The incidence of popliteal artery injury is reported from 5% to 40% (11,16). Anterior dislocation usually results in a traction injury to the popliteal artery as the vessel stretches and is introduced into the intercondylar notch. This traction injury often results in intimal tears. In general, low-velocity injuries tend to be associated with fewer vascular injuries (27,29), whereas high-velocity injuries are reported to produce a greater incidence of vascular complications (35). Intimal flap tears are injuries to the endothelial lining of the arterial wall. They are often undetectable by physical examination and usually require an arteriogram for diagnosis. Potter et al. described popliteal fossa magnetic resonance angiography (MRA). In their series, a 100% correlation between MRA and arteriogram was found in six patients after knee dislocation (23).

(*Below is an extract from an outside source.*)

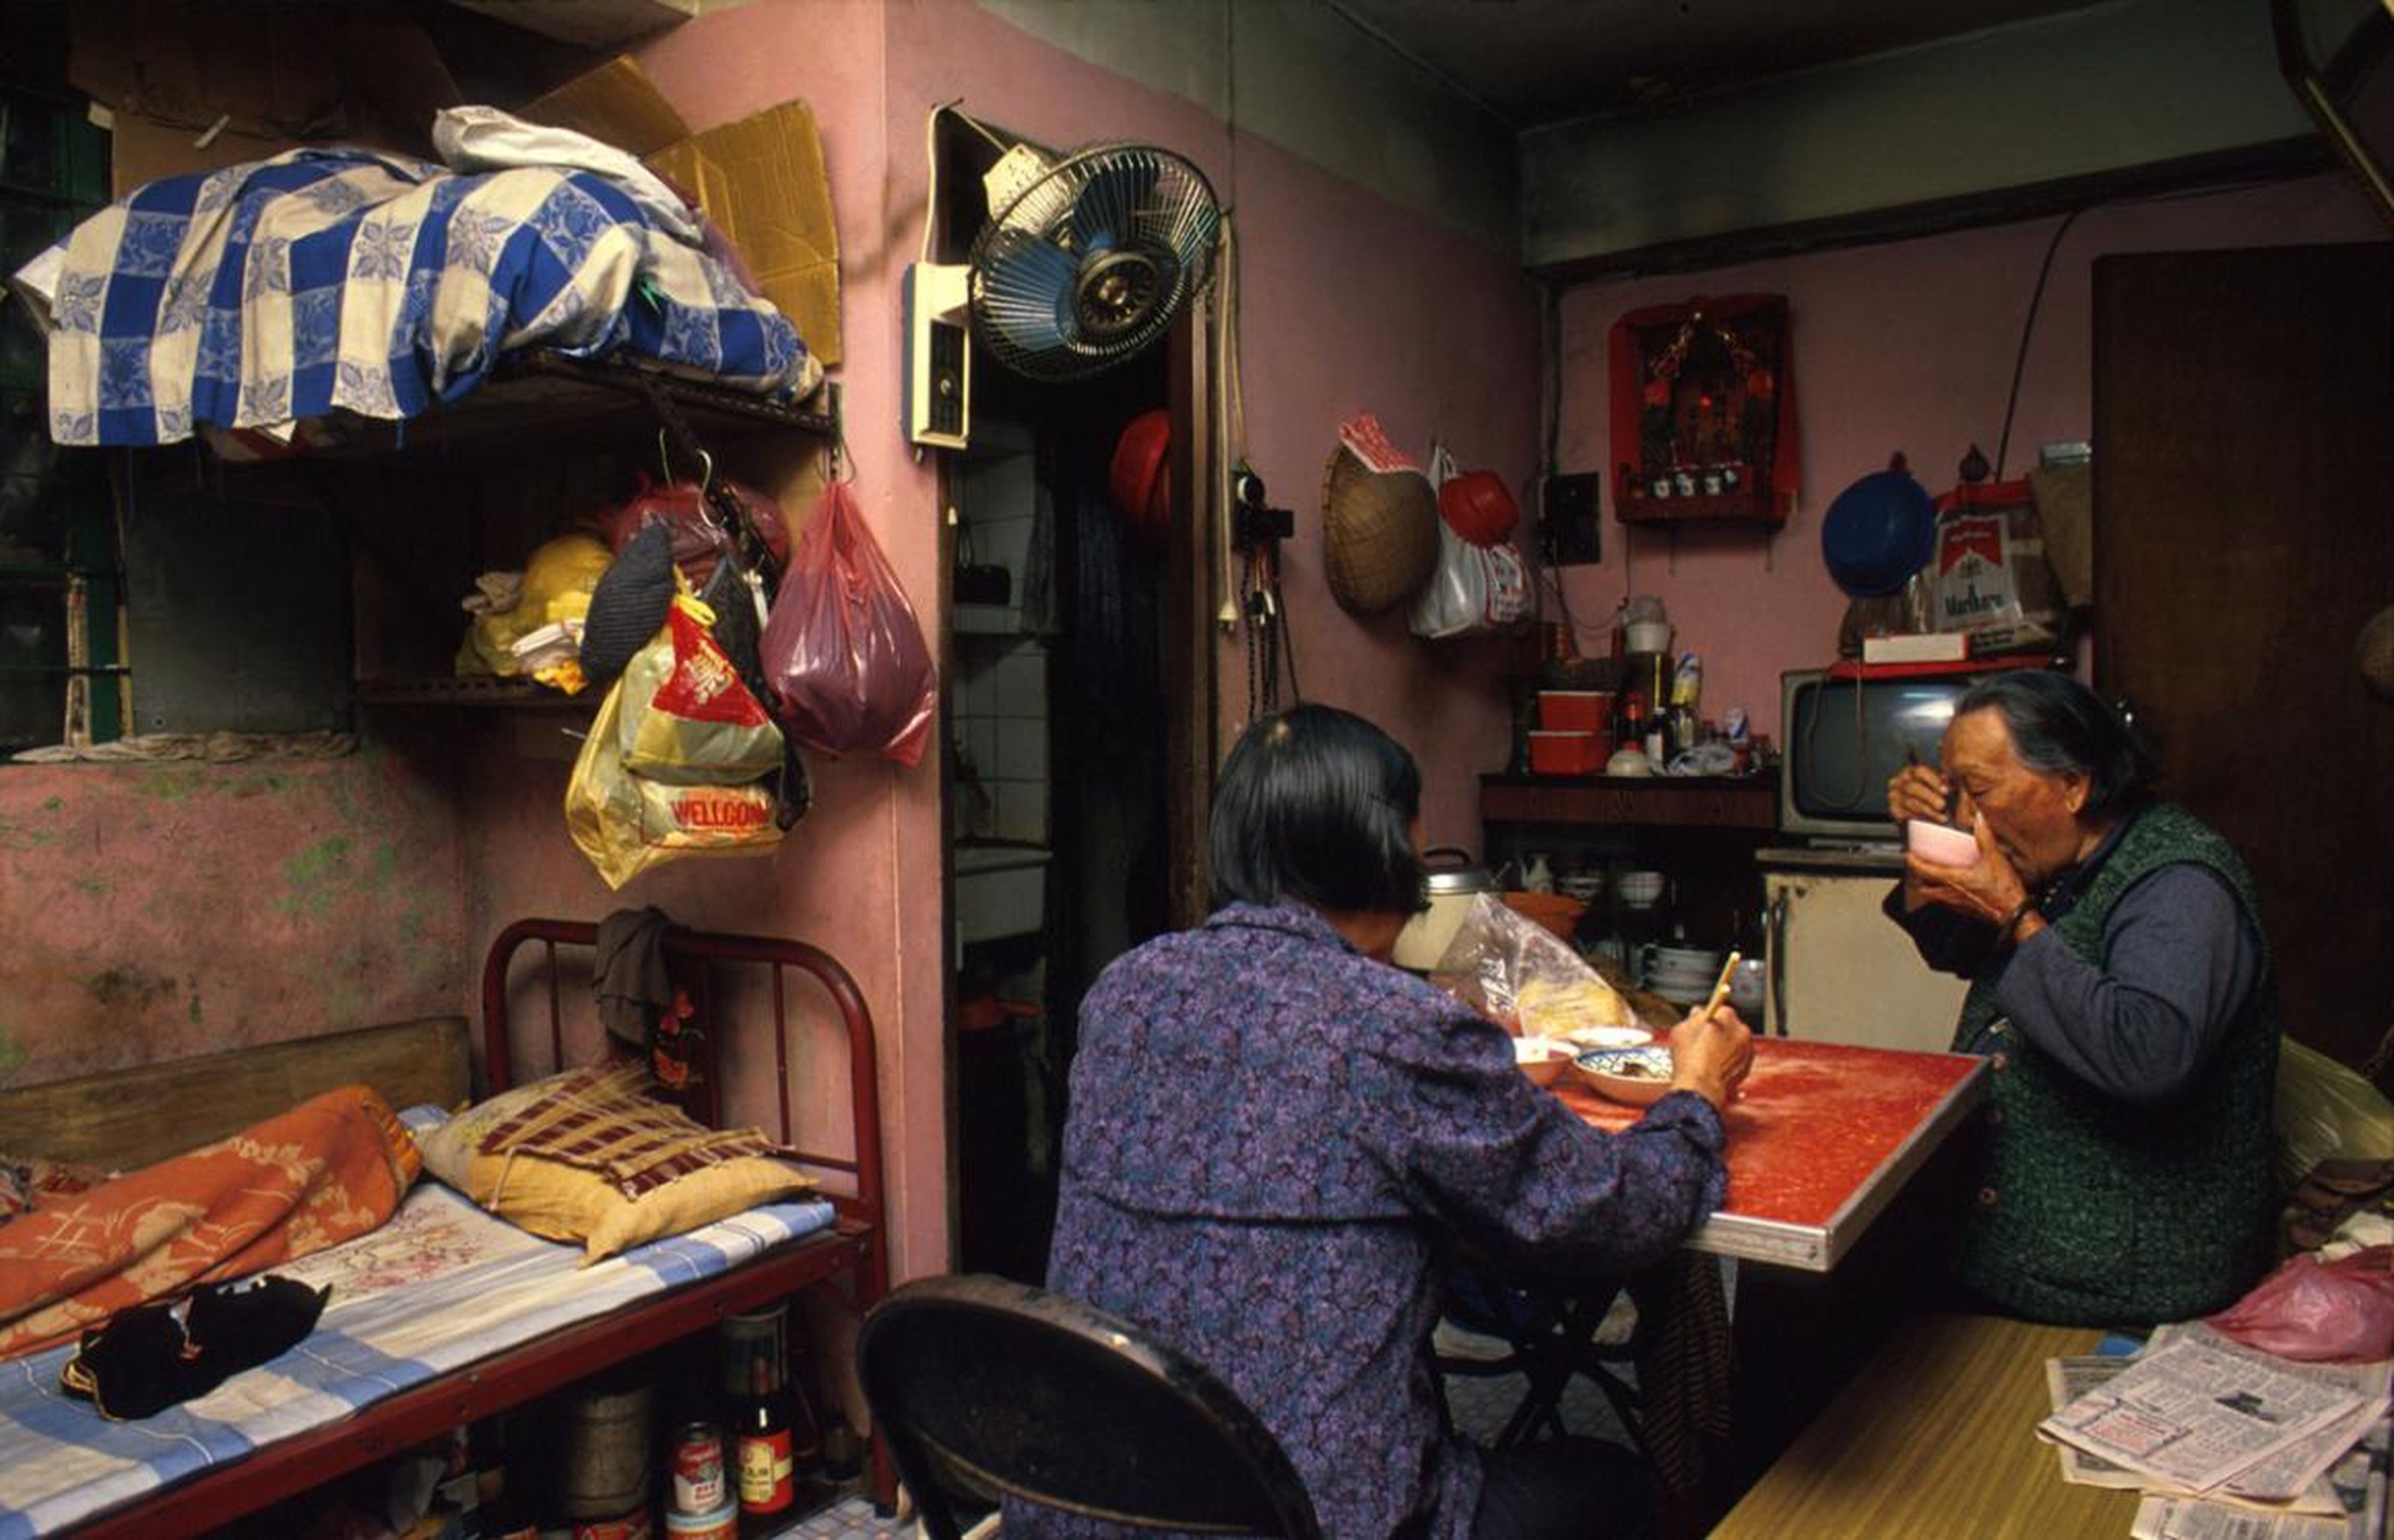 According to Girard, the Walled City had a village culture because of the tight living and working quarters. 90-year-old Law Yu Yi lived with her son's wife in a cramped third-floor apartment. It is typical for women to look after

3. Neurological examination. It is important to document any sign of peroneal nerve injury preoperatively. Peroneal nerve palsies have been noted to occur in 14% to 35% of knee dislocations (15). The most common occurrence is in posterolateral dislocations a result of traction injury as the nerve is stretched along the posterior aspect of the lateral femoral condyle (17,28). Recovery of function after peroneal palsy associated with knee dislocation has a guarded prognosis. The energy of this insult to the nerve usually results
in axonotmesis over a large segment of the nerve (35). Nerve grafting, rather than primary repair, is often required because of the long segment of injury.

4. Condition of the soft tissues. In open knee dislocations, surgical irrigation and debridement must be performed at the earliest opportunity. Healing of the soft tissue envelope is then monitored prior to attention to the ligament injuries. It is recommended to adhere to the same algorithm in cases of closed knee dislocation with severe blunt injury to the soft tissue envelope and skin. A high index of suspicion for compartment syndrome is important.

5. Physical examination. At this point, a thorough assessment of alignment, range of motion, extensor mechanism, and knee ligaments is performed. Because of pain, guarding, ipsilateral fractures, or altered mental status the physical examination may not be reliable. However, a knee that can only move from 10 to 45 degrees may still enable the surgeon to obtain useful information for preoperative planning. The integrity of the extensor mechanism can be assessed by a simple straight leg raise test. A minimal effusion in the face of a severe multiligamentous injury may give a clue to a capsule injury with extravasation. Compartments can be assessed. With a pillow under the knee, the Lachman test can be performed with reasonable sensitivity. The position of the anterior tibia with respect to the femur can be assessed at 45 to 60 degrees of flexion and reveal if there is normal (1 cm) anterior tibial step off or sag (Fig. 39.5). With the leg on the stretcher, a varus and valgus stress test can be performed to assess the integrity of the LCL and MCL, respectively. While
the dial test at 90 degrees of flexion may not be possible, increased tibial external rotation at 30 degrees of flexion raises the suspicion for PLC injury (Fig. 39.6).